▸ Exercise brief
Set down, character for character, everything in the records below from the line holding "kacey-musgraves-pageant-material-vinyl-record-album-1" down to the line holding "The result of", and no other line.

Records shown below:

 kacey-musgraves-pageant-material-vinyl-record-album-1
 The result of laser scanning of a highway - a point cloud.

End of Records shown.
Records shown below:

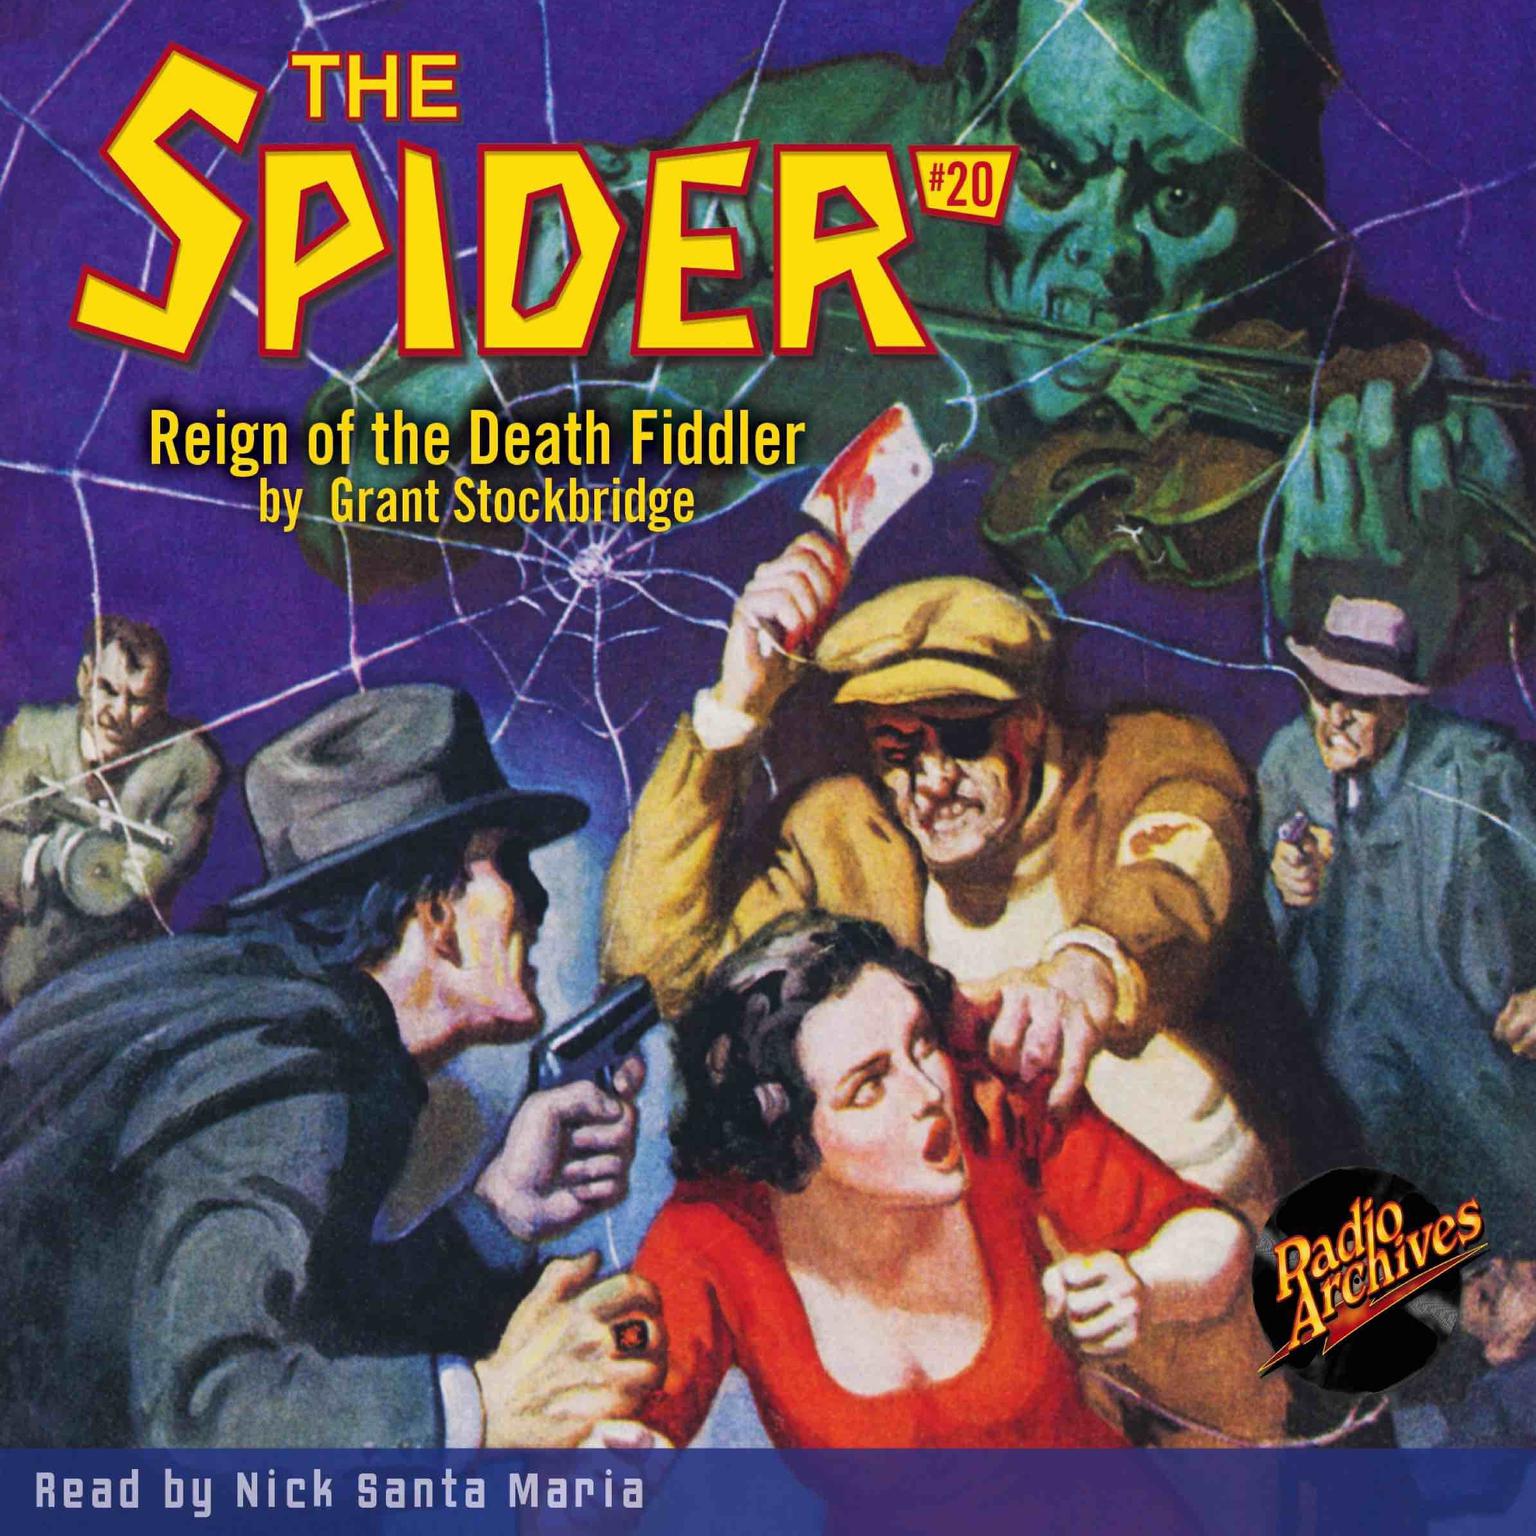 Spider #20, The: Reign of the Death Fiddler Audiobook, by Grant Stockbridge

End of Records shown.

▸ Reply to the exercise
 kacey-musgraves-pageant-material-vinyl-record-album-1
 The result of laser scanning of a highway - a point cloud.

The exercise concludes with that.